* YOUR OBJECTIVE:
Answer with the exact lines of the following material from the one containing "Pichon comtesse de" through the one containing "Vélo Disney La", both end lines included.

++++

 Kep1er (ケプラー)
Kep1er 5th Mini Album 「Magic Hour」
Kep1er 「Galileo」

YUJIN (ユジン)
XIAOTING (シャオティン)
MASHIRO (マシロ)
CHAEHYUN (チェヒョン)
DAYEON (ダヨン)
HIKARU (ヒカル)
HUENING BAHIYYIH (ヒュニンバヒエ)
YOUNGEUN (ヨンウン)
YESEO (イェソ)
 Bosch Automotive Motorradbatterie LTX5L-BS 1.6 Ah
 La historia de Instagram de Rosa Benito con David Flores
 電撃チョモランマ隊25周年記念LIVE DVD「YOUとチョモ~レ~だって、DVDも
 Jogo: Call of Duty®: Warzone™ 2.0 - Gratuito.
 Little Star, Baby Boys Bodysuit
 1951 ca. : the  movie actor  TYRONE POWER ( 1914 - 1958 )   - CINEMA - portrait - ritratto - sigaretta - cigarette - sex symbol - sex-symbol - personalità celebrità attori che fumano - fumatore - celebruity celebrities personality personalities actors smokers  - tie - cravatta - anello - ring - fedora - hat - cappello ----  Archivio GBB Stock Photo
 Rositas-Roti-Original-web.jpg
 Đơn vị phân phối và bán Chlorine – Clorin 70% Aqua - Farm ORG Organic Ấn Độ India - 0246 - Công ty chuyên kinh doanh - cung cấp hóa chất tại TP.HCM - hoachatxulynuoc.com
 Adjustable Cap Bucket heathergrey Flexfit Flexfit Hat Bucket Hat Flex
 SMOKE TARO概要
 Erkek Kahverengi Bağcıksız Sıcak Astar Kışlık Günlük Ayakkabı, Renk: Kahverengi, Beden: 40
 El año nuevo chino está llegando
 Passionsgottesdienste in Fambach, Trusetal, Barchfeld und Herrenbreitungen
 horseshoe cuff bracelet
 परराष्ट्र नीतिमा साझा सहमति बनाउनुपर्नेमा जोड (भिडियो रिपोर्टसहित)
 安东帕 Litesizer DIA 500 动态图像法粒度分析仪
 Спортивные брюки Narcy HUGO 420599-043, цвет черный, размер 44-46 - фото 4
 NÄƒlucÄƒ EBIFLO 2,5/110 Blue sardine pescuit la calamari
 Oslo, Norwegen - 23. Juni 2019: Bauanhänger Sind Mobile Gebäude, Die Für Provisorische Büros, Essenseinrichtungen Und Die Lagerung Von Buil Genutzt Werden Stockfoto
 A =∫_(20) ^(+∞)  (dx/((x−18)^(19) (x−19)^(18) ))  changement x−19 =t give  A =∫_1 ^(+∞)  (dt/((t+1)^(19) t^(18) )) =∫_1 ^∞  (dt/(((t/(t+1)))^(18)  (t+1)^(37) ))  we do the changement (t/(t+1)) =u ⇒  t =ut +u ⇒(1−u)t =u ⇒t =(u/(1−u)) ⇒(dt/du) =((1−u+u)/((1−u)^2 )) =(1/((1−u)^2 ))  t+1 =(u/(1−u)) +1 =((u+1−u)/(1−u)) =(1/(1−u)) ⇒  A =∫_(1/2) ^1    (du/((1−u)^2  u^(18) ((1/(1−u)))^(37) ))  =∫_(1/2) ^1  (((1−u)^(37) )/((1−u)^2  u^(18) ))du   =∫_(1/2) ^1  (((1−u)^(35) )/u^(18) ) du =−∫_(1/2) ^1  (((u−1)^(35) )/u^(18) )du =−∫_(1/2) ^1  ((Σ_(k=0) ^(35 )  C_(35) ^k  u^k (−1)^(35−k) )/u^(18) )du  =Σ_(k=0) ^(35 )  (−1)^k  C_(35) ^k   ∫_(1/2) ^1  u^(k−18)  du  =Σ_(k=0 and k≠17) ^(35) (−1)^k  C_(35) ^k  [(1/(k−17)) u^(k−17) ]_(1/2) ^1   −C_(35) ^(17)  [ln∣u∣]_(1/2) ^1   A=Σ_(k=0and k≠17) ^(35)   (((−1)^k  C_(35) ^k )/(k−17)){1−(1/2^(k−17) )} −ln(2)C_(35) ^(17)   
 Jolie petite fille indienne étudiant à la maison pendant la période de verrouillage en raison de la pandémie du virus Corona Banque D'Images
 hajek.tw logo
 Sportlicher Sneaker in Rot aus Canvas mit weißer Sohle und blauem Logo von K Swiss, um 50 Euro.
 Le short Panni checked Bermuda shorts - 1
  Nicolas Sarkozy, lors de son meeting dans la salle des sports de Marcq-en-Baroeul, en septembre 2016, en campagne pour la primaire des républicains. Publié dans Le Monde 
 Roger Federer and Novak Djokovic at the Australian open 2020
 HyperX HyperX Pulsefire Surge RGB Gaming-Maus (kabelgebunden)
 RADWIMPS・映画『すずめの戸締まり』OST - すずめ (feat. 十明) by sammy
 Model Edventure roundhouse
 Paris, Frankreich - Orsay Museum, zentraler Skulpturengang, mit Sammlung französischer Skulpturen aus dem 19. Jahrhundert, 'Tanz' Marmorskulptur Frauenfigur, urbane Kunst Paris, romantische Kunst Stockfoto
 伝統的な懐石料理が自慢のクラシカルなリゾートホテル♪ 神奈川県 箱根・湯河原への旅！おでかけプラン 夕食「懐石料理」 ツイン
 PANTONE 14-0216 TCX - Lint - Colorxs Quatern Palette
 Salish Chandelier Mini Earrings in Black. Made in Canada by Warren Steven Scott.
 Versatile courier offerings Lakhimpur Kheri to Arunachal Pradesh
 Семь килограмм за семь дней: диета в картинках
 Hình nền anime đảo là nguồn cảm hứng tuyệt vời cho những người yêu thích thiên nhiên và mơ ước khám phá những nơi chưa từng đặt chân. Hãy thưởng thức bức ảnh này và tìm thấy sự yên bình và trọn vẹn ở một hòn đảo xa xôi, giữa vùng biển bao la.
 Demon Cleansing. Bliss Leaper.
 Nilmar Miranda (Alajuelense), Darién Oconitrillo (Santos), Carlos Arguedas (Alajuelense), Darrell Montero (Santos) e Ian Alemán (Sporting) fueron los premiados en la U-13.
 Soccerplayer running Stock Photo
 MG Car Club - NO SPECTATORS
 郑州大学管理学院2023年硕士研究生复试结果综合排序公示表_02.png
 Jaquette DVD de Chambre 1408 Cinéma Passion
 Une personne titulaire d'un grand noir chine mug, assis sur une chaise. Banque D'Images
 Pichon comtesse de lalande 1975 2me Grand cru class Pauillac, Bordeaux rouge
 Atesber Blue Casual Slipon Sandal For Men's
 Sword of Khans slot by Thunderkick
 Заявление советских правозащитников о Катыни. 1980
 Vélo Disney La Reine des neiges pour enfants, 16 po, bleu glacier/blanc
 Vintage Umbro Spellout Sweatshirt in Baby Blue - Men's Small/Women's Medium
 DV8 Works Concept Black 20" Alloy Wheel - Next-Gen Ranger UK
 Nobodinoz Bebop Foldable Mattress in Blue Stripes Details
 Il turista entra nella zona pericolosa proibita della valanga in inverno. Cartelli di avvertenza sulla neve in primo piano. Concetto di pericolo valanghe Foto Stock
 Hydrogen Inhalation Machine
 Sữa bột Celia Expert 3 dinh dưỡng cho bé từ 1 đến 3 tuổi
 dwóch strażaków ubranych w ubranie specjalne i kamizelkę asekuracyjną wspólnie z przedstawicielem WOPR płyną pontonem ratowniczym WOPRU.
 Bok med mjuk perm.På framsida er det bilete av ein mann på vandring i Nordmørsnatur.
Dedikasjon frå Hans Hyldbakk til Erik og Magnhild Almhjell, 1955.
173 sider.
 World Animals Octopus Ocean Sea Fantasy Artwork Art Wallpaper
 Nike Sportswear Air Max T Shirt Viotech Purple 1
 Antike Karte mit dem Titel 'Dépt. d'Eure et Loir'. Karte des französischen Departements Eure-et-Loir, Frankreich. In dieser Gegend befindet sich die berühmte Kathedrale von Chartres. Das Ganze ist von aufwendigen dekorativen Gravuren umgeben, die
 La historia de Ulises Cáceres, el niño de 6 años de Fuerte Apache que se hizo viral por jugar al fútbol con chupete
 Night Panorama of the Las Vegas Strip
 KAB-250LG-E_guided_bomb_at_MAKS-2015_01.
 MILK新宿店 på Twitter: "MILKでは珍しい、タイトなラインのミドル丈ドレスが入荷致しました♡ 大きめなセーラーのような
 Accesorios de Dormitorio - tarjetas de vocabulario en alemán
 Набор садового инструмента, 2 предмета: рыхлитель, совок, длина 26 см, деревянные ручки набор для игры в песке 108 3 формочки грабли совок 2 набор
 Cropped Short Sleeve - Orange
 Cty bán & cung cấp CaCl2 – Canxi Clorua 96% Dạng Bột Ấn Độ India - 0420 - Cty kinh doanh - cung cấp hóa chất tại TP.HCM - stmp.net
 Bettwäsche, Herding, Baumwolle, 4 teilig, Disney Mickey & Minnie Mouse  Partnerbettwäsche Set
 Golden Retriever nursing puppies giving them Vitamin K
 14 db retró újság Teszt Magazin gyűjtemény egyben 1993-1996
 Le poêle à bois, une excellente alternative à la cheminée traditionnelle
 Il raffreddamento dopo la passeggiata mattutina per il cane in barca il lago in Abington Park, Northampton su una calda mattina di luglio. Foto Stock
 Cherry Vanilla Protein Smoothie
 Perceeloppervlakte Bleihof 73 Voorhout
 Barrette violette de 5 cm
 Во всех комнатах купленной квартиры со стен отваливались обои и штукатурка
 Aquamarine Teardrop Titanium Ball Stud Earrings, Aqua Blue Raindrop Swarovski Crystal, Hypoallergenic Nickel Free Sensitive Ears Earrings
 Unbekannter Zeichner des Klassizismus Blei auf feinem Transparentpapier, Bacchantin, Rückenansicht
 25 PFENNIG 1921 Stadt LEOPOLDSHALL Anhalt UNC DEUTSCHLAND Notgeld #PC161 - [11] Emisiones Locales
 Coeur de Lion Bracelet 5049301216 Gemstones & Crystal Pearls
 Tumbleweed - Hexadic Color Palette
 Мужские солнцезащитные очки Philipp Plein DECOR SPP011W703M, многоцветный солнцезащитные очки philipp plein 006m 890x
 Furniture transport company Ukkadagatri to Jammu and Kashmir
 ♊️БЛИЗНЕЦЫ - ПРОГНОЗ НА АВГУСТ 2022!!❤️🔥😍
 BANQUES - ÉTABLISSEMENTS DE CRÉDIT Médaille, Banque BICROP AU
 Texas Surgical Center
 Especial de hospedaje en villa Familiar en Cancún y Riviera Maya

++++

* RESPONSE:
 Pichon comtesse de lalande 1975 2me Grand cru class Pauillac, Bordeaux rouge
 Atesber Blue Casual Slipon Sandal For Men's
 Sword of Khans slot by Thunderkick
 Заявление советских правозащитников о Катыни. 1980
 Vélo Disney La Reine des neiges pour enfants, 16 po, bleu glacier/blanc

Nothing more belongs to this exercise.